The van's back doors hung open, empty, no backup, just the two cousins who had come for vengeance and found ghosts instead, and Paulo's mind raced to process the shift, to understand why his betrayers had become his saviours in the space of a heartbeat.

Riku tried to stand again, blood streaming from his mouth, but Alexis tackled him around the waist and drove him headfirst into the asphalt with a thud that silenced his snarls, while Shin ground his cane into Nijako's throat just hard enough to keep her down without killing her, his blue eyes locked on Paulo with an unreadable intensity.

Cherry blossoms continued to fall, sticking to the blood on the pavement, turning the scene into something almost beautiful in its brutality, and Paulo's chest heaved as adrenaline surged through him, the baton trembling in his grip not from fear but from the sheer surreal weight of the moment.

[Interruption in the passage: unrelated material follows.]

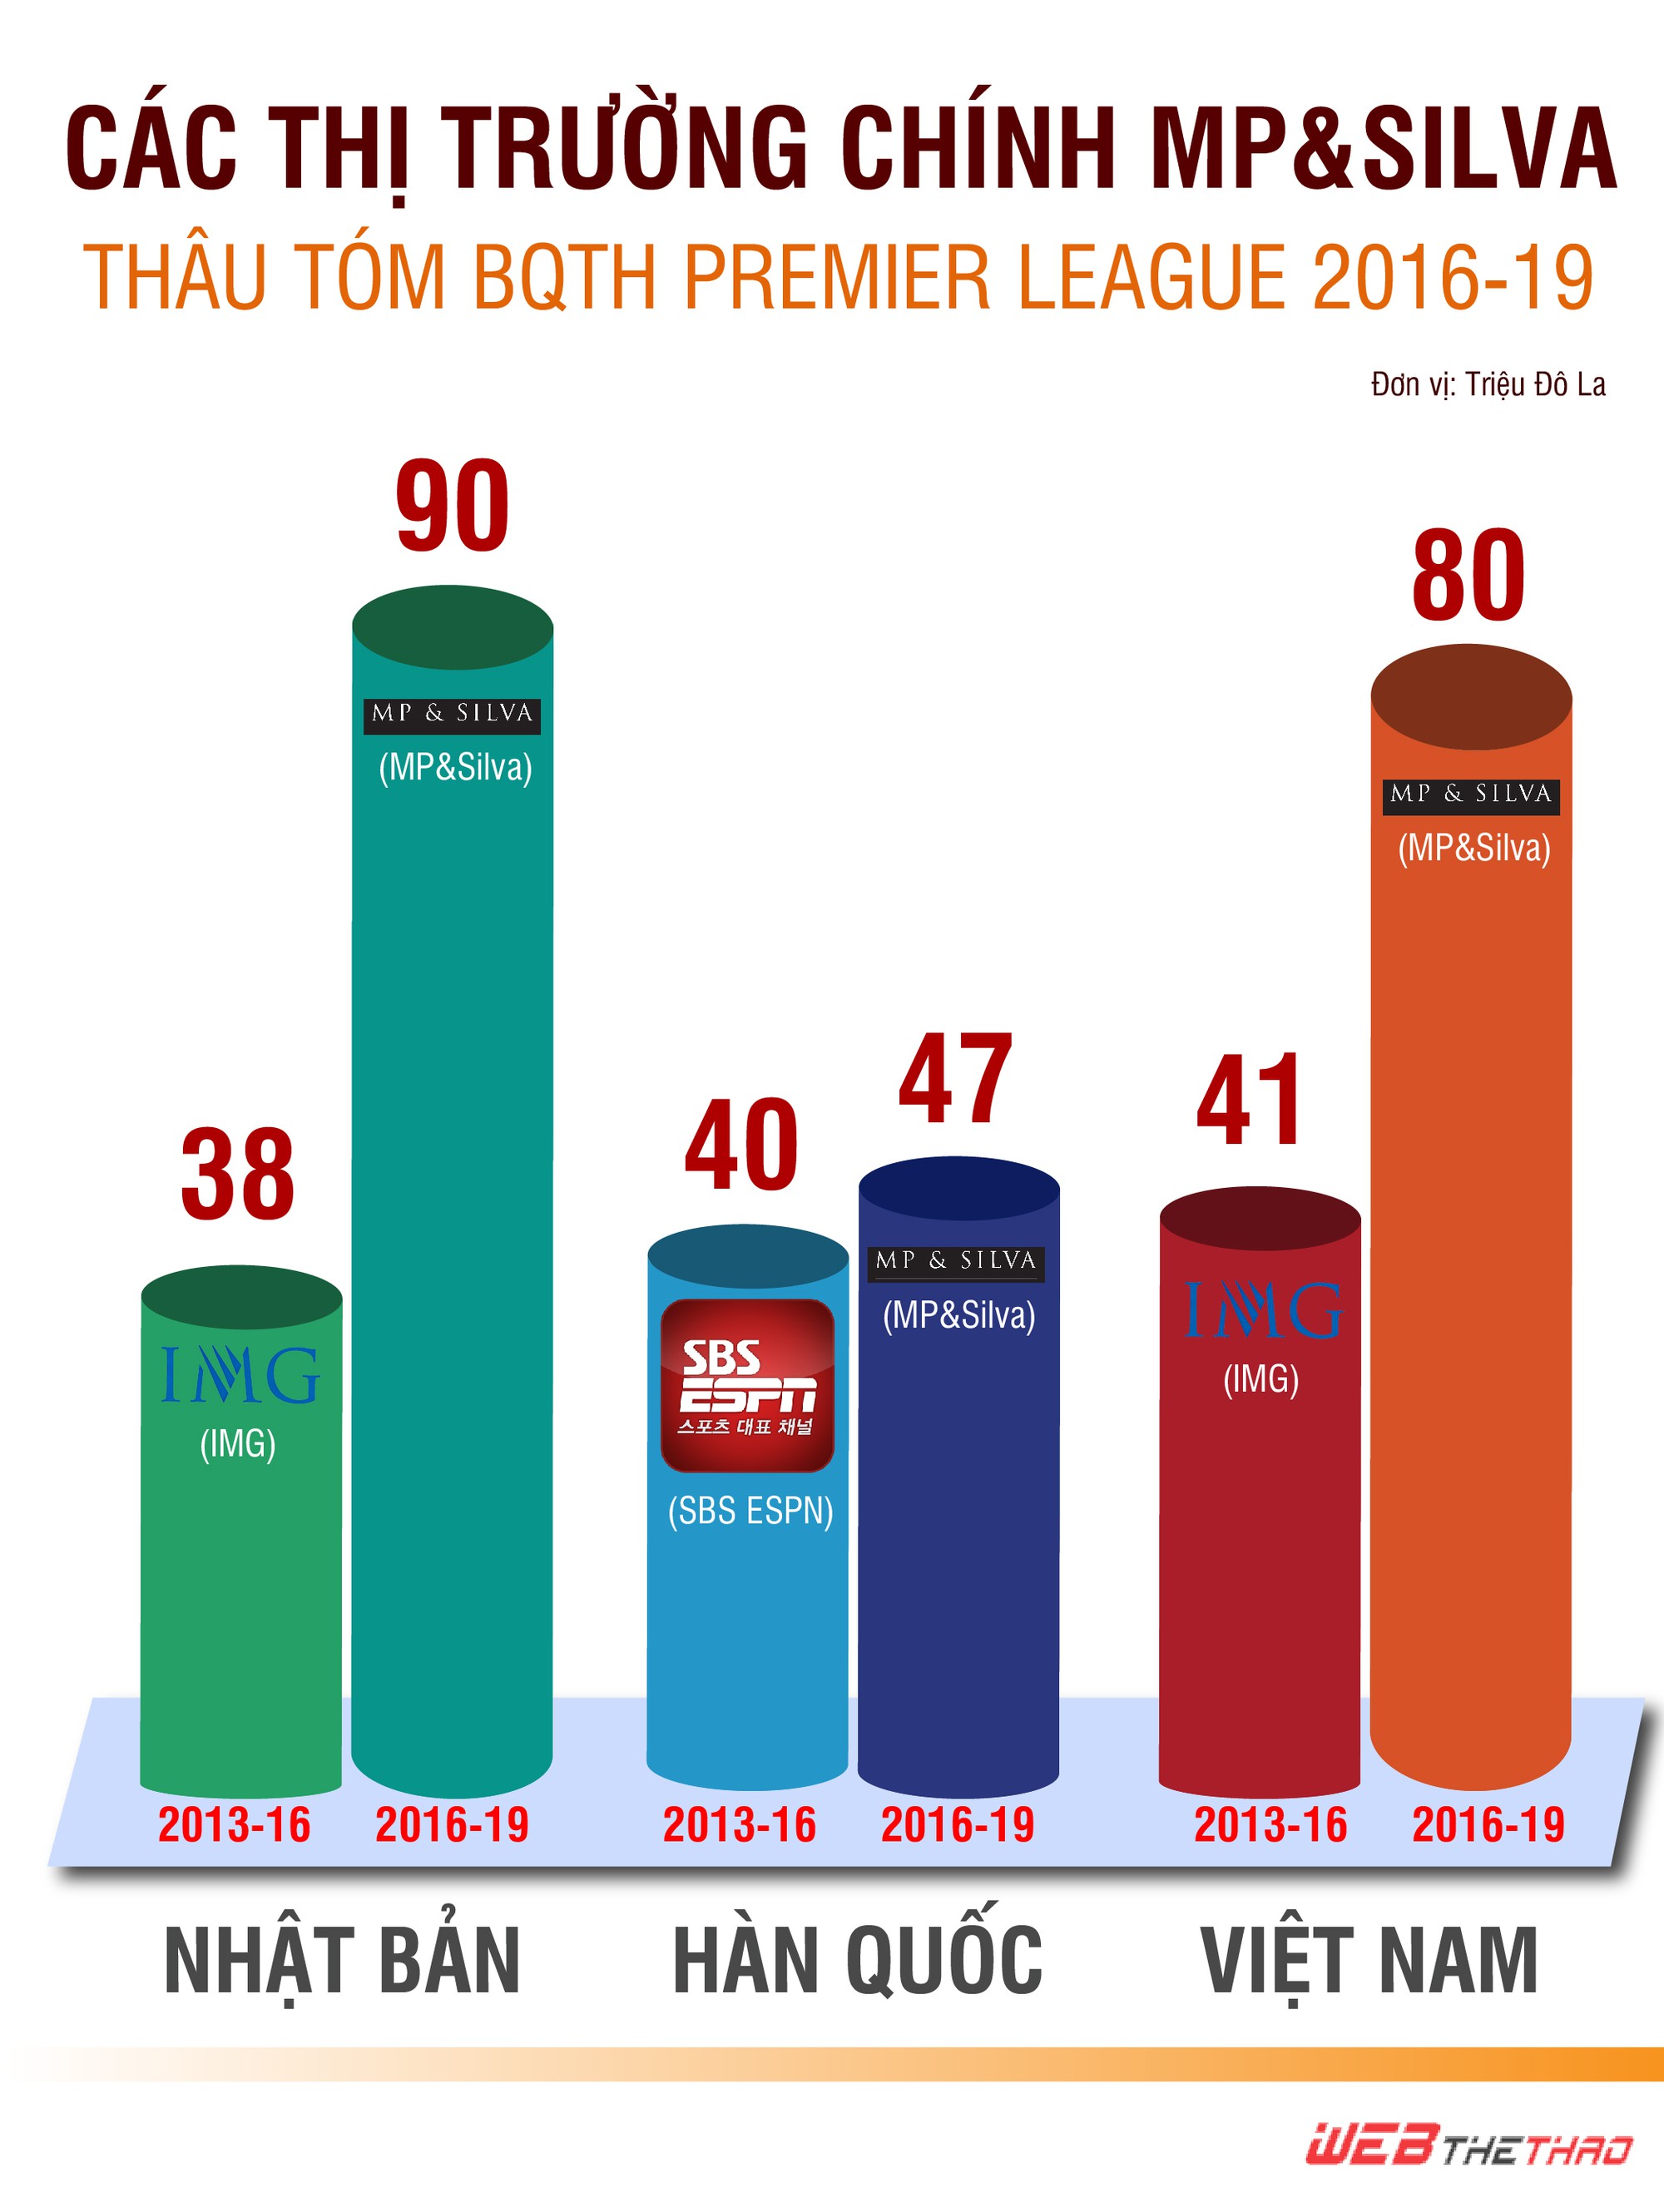 BQTH Premier League - K+ có mua với giá trên trời?

"What the hell are you doing?" he demanded, voice rough, stepping forward to stand over Riku's groaning form, and Rin straightened, wiping blood from his lip with the back of his hand, his golden eyes meeting Paulo's with a steadiness that had not been there before the hospital.

"Paying a debt," Rin said simply, and the words hung between them like a bridge neither had expected to cross.